- RECORDS FOR THE EXERCISE:
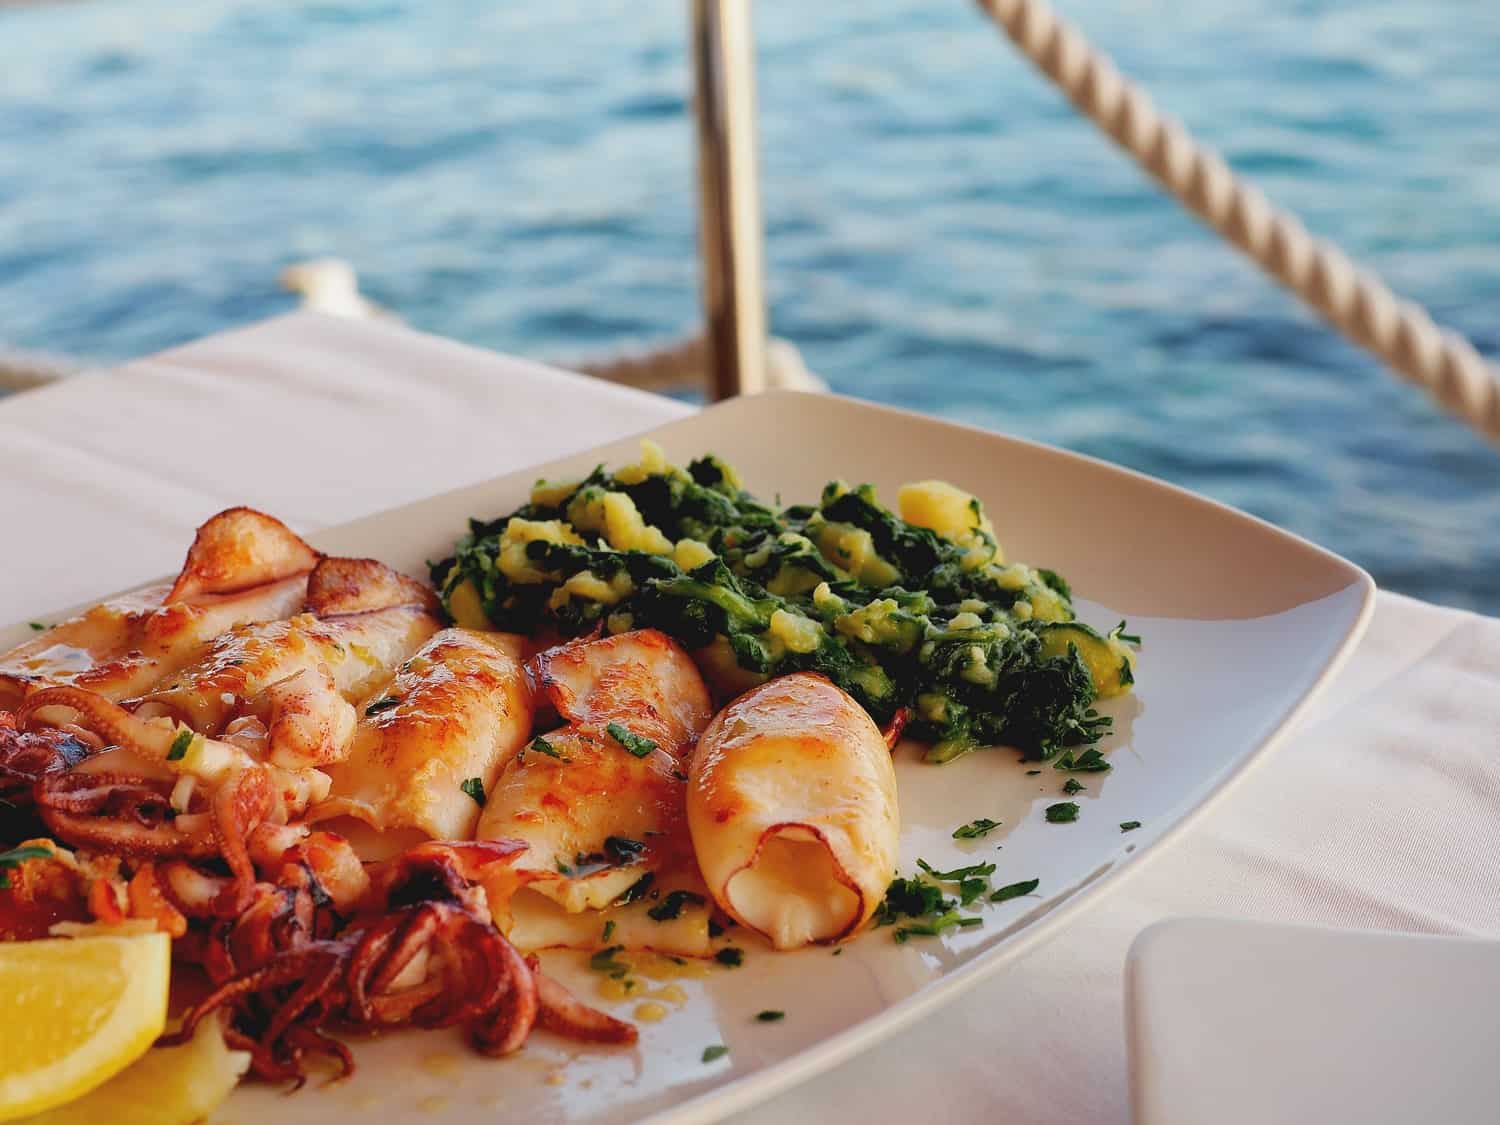 Seafood beside the ocean in Croatia
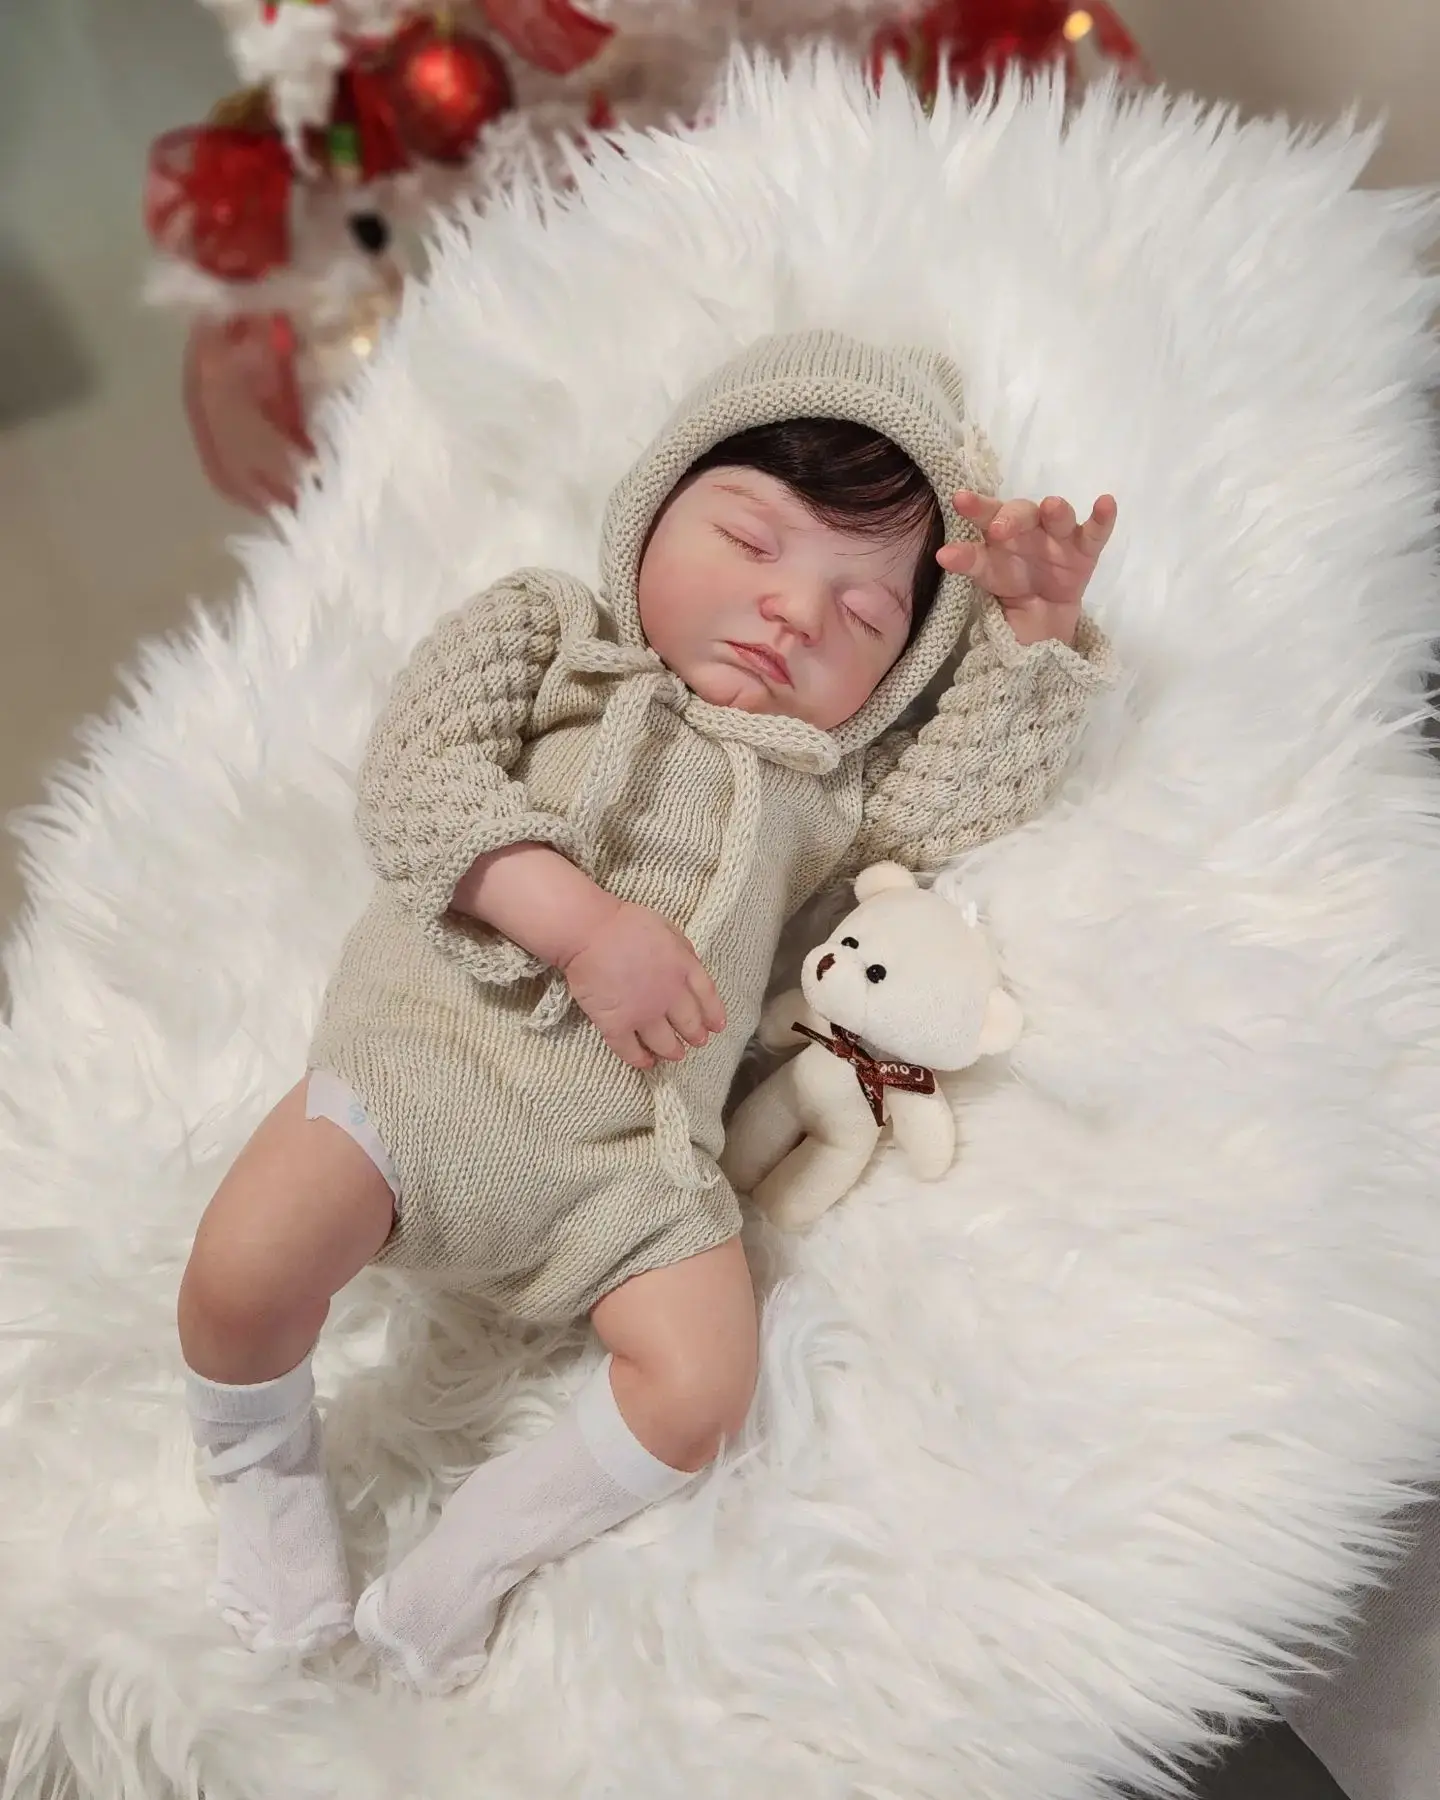 50 см Уже окрашенная Готовая кукла Bebe Reborn, настоящая, живая, спящая, размер новорожденного, реалистичная, мягкая на ощупь 3D-кукла для рисования кожи
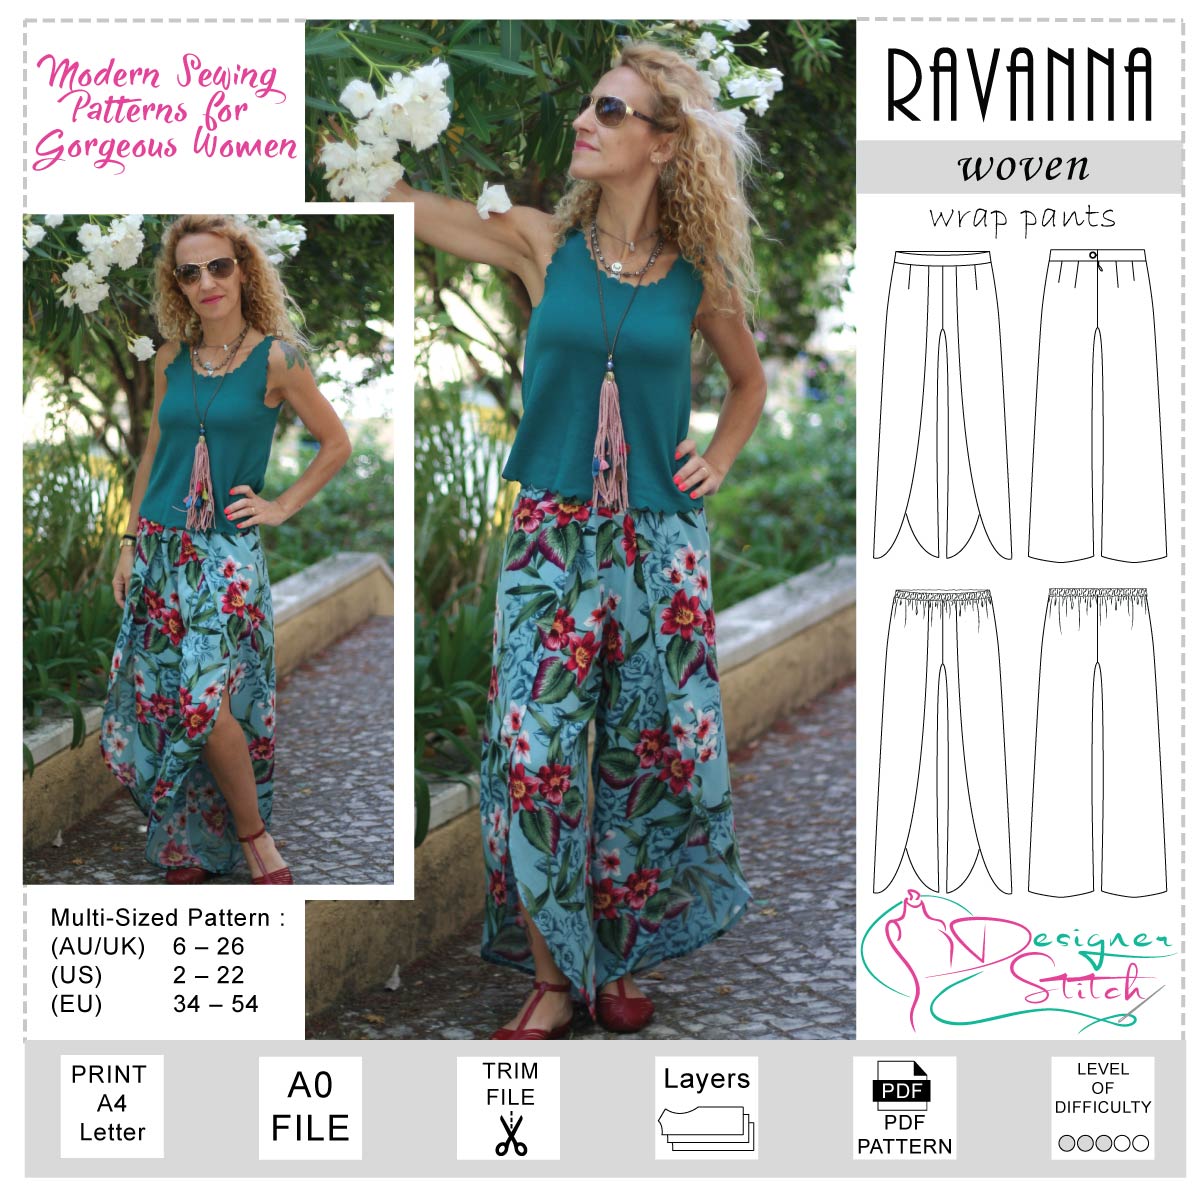 Ravanna Wrap Pants Sewing Pattern (PDF)
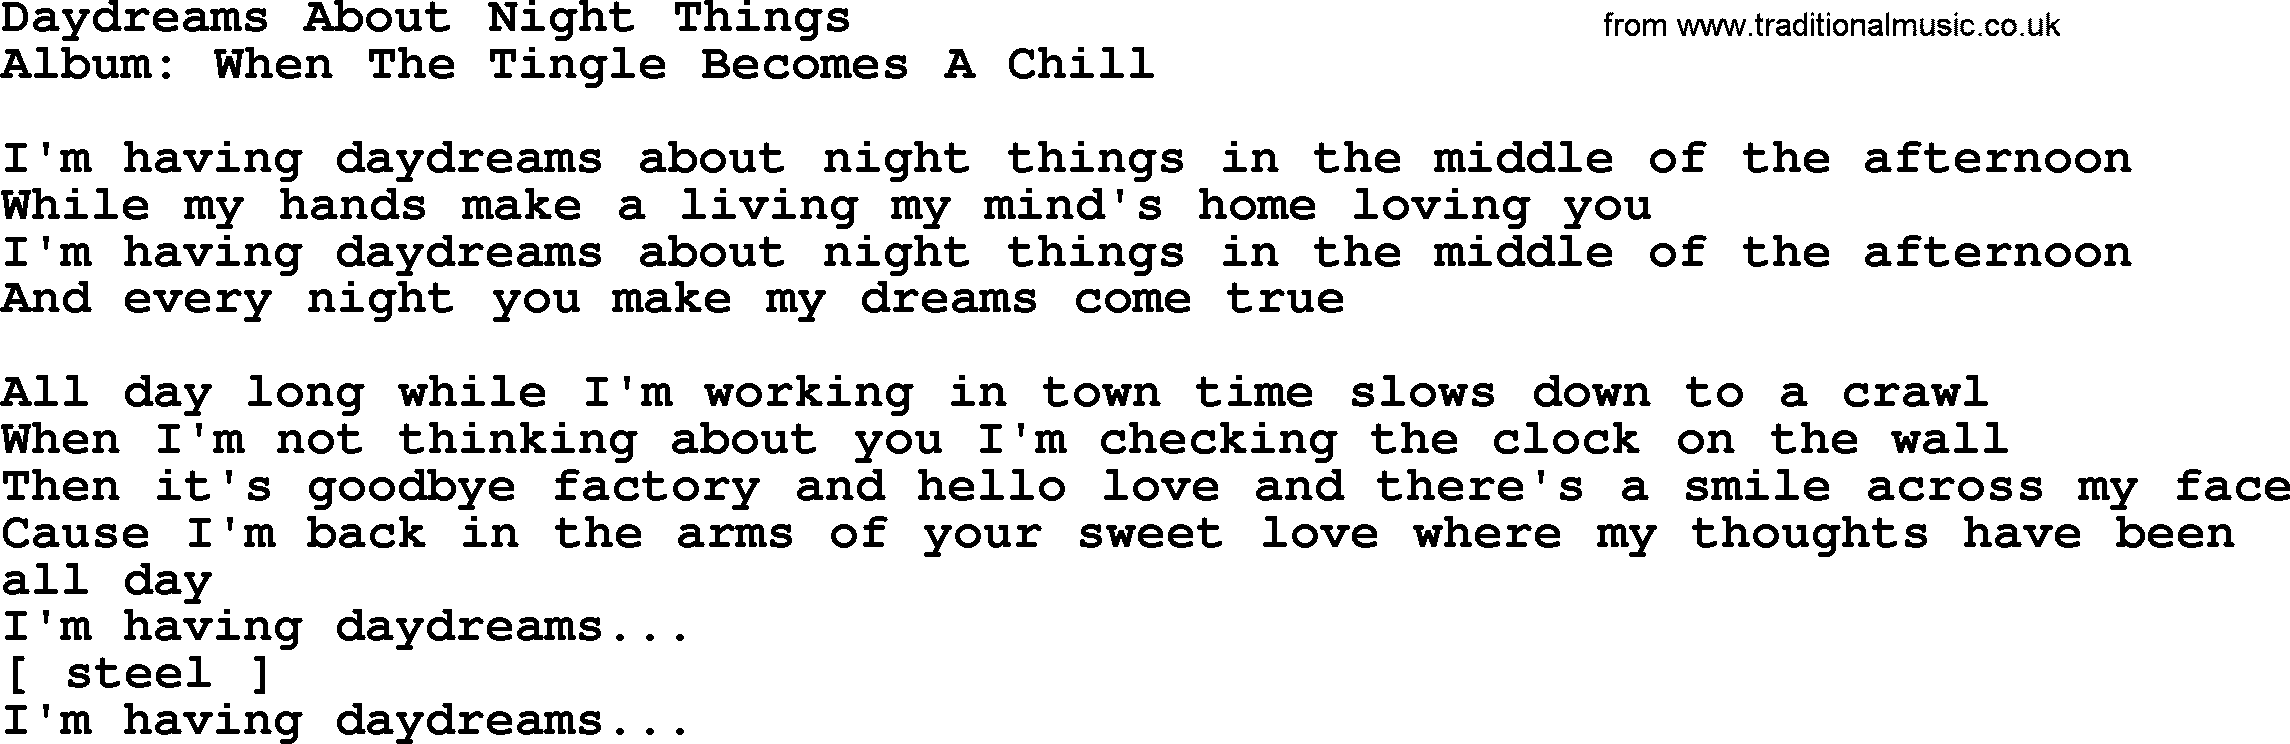 Loretta Lynn song: Daydreams About Night Things lyrics
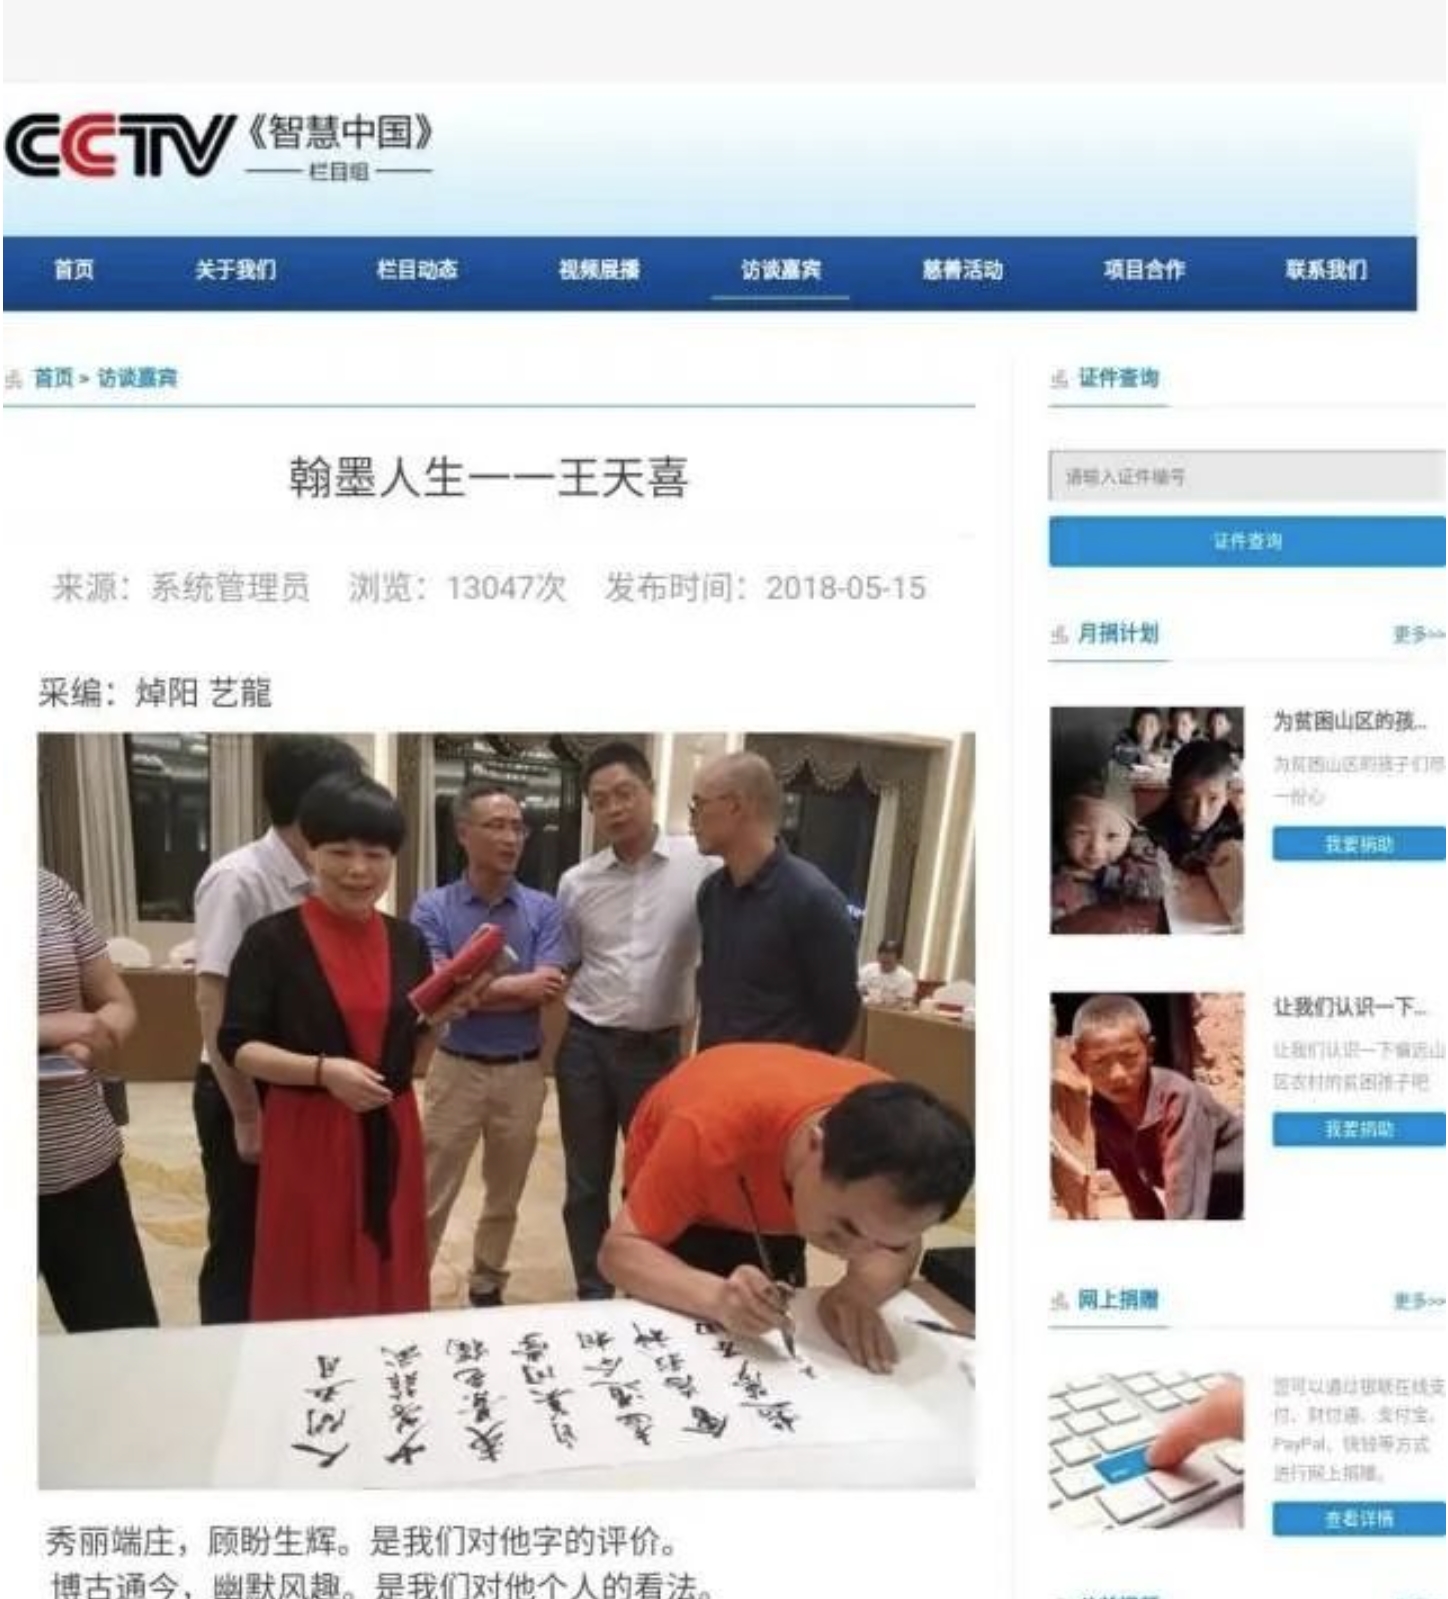 汉呈字库致力于打造中华互联网元宇宙字体库著名品牌

- WORK REQUIRED: Since the pictures don't belong in the copy, copy only the rest of the entries above exactly.

- COMPLETED EXERCISE:
 Seafood beside the ocean in Croatia
 50 см Уже окрашенная Готовая кукла Bebe Reborn, настоящая, живая, спящая, размер новорожденного, реалистичная, мягкая на ощупь 3D-кукла для рисования кожи
 Ravanna Wrap Pants Sewing Pattern (PDF)
 Loretta Lynn song: Daydreams About Night Things lyrics
 汉呈字库致力于打造中华互联网元宇宙字体库著名品牌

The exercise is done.